- **Task**
Omit any pictures, and restate word for word only the lines from the one with "WOW EXTREMELY RARE" through the end of the data below.
Top of Data segment
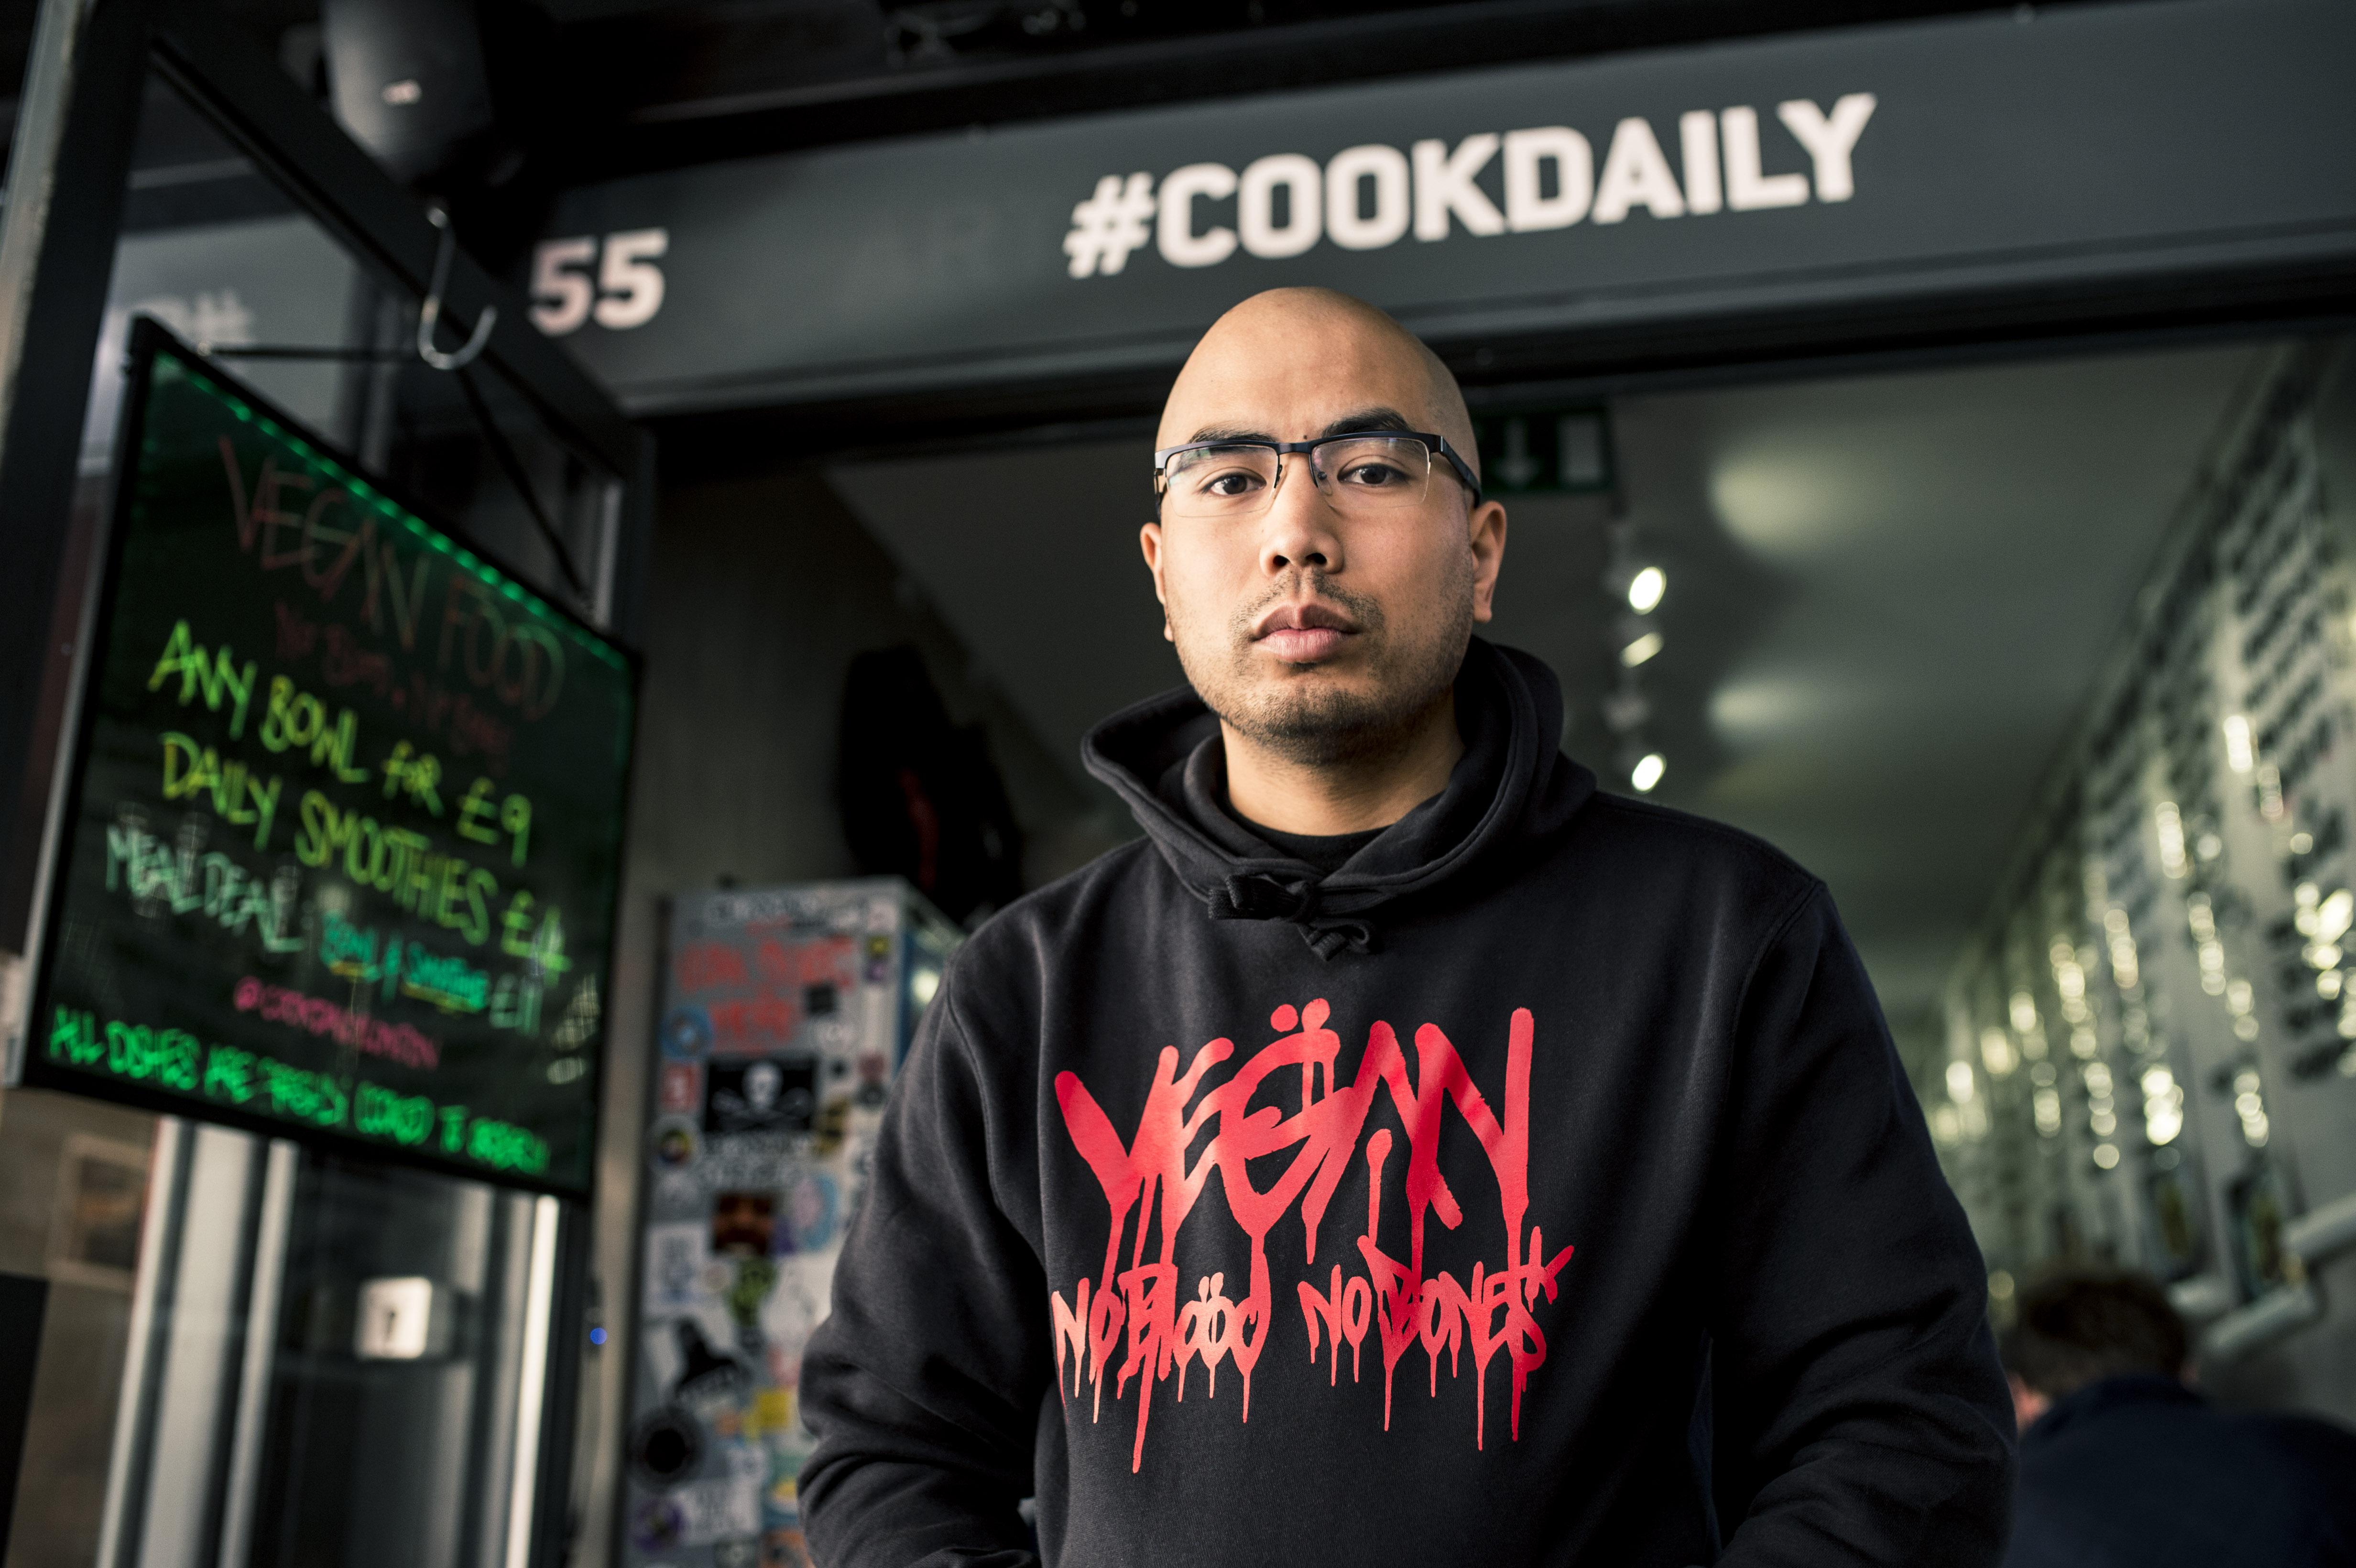 London vegan restaurant Cook Daily
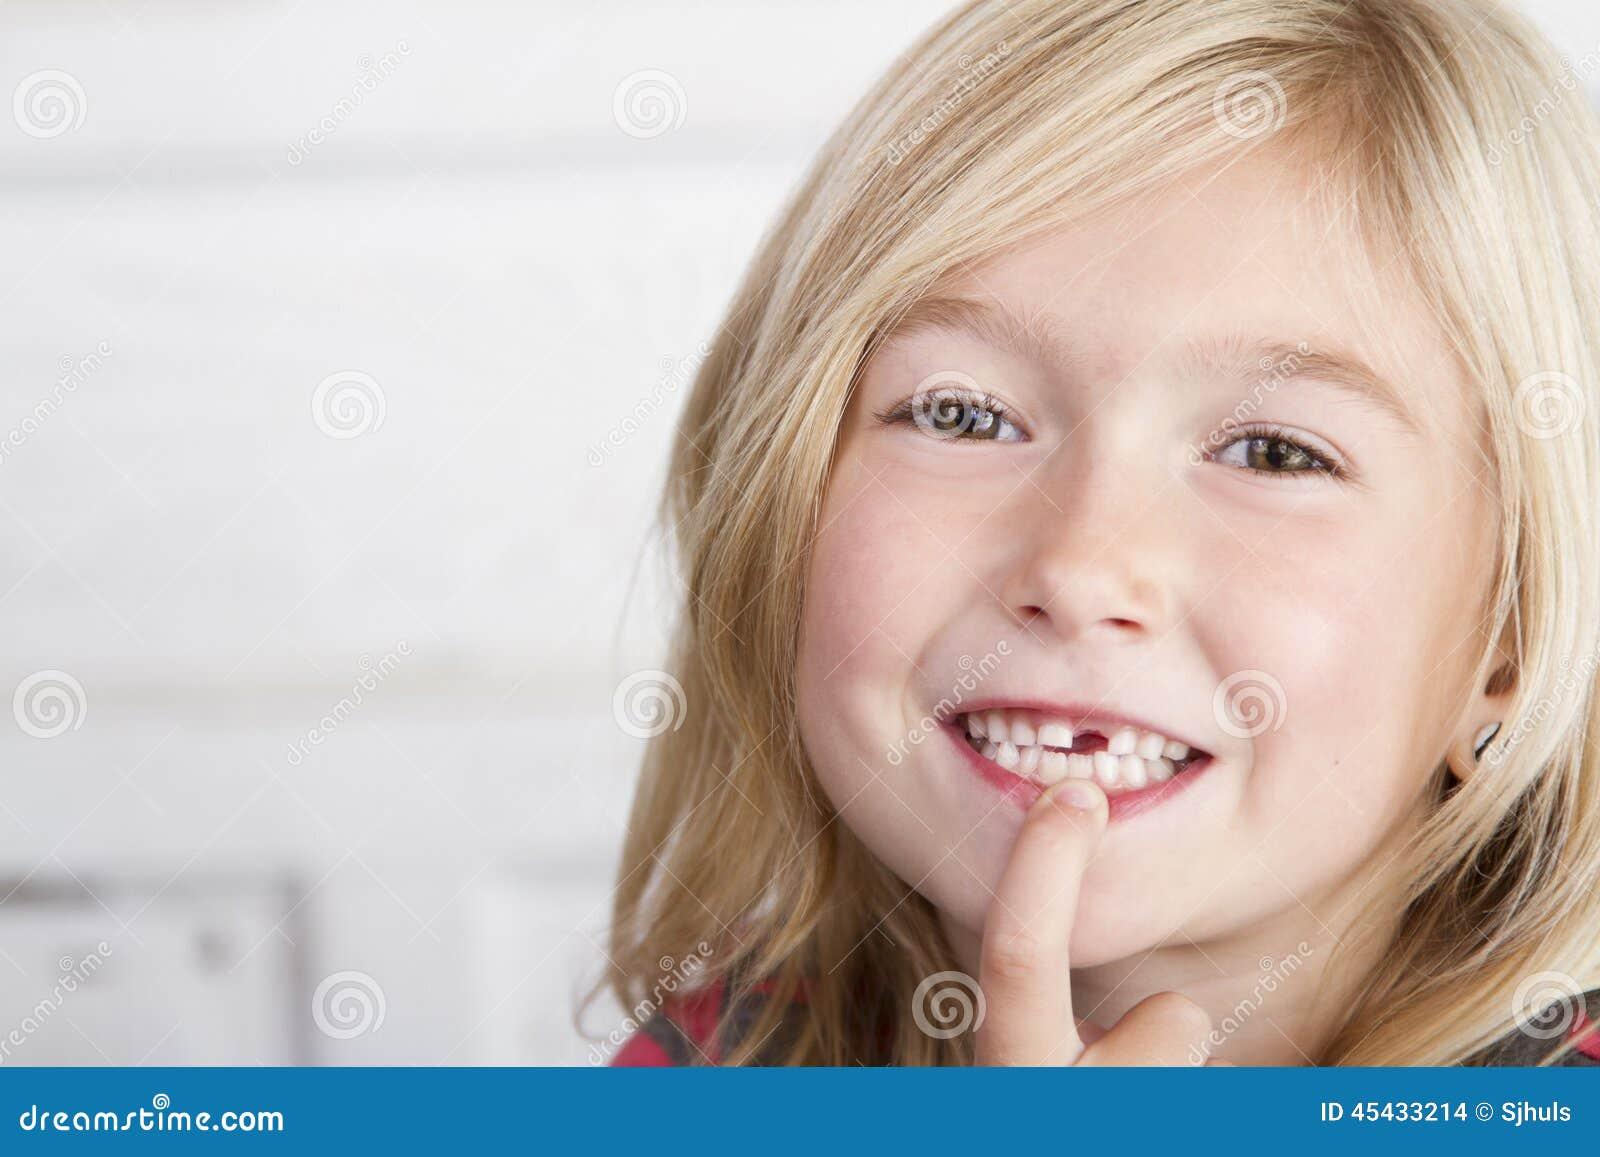 Dente anteriore mancante del bambino
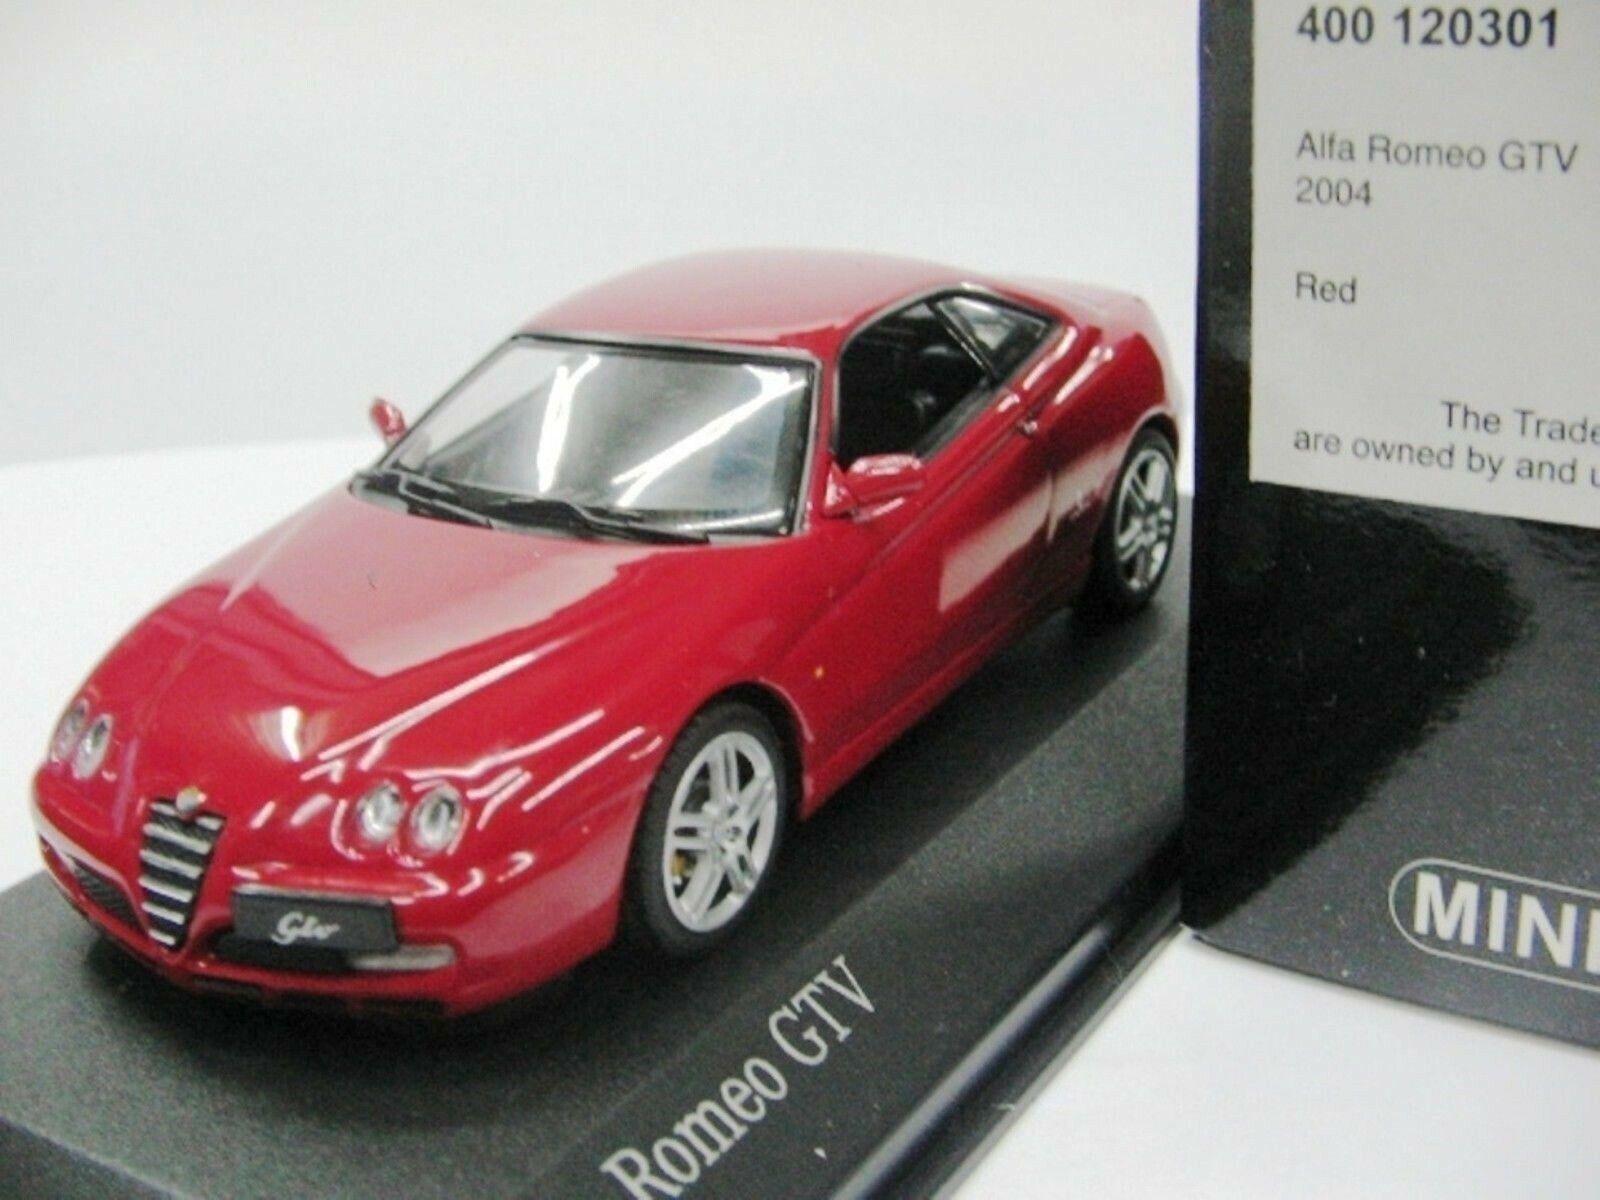 WOW EXTREMELY RARE Alfa Romeo 916C GTV 3.2 V6 24V 2003 Red 1 43 Minichamps-164
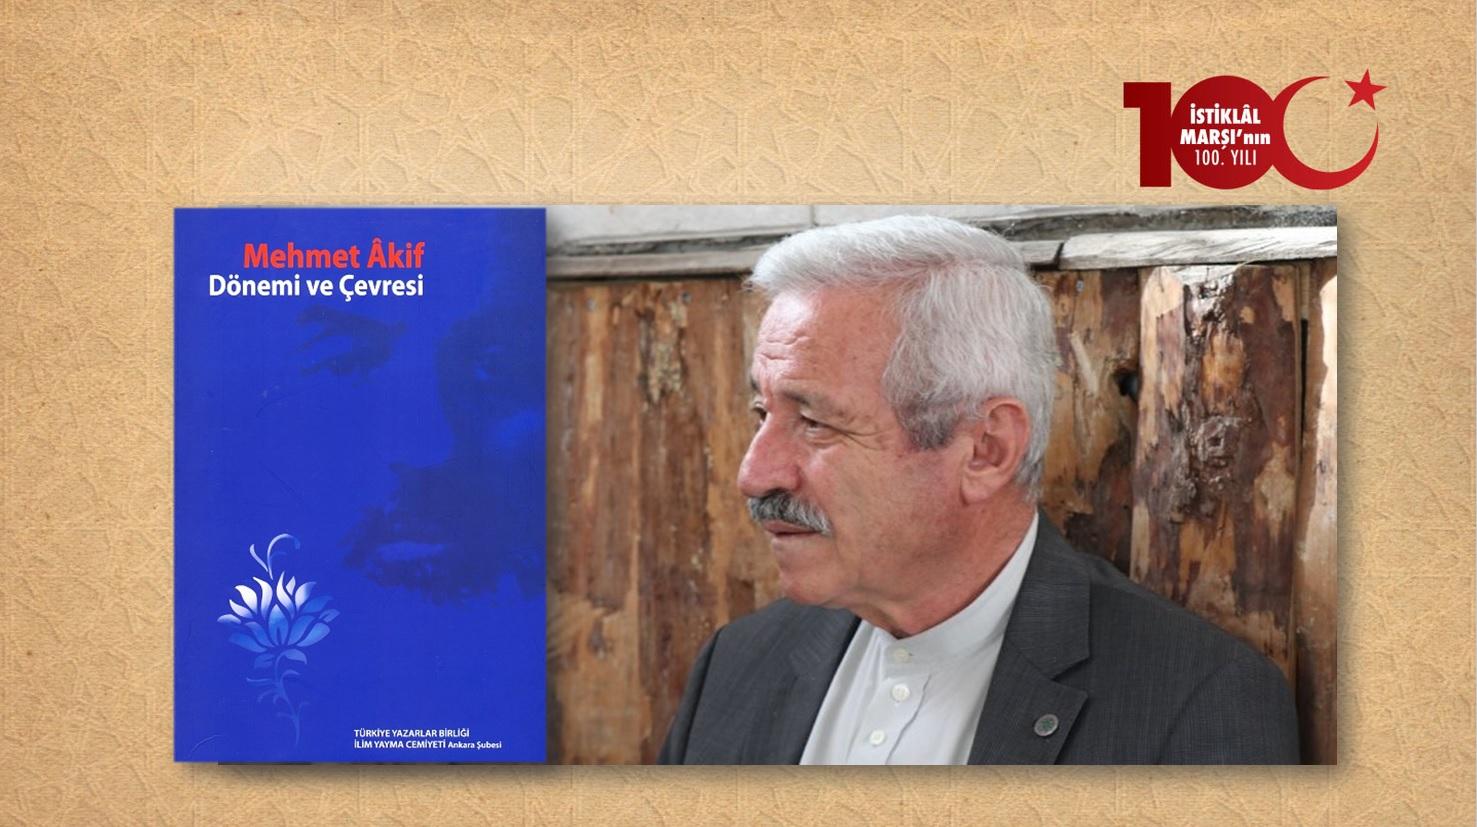 D. Mehmet Doğan: Mehmet Âkif ve Süleyman Nazif
Bottom of Data segment
- **Result for this task**
 WOW EXTREMELY RARE Alfa Romeo 916C GTV 3.2 V6 24V 2003 Red 1 43 Minichamps-164
 D. Mehmet Doğan: Mehmet Âkif ve Süleyman Nazif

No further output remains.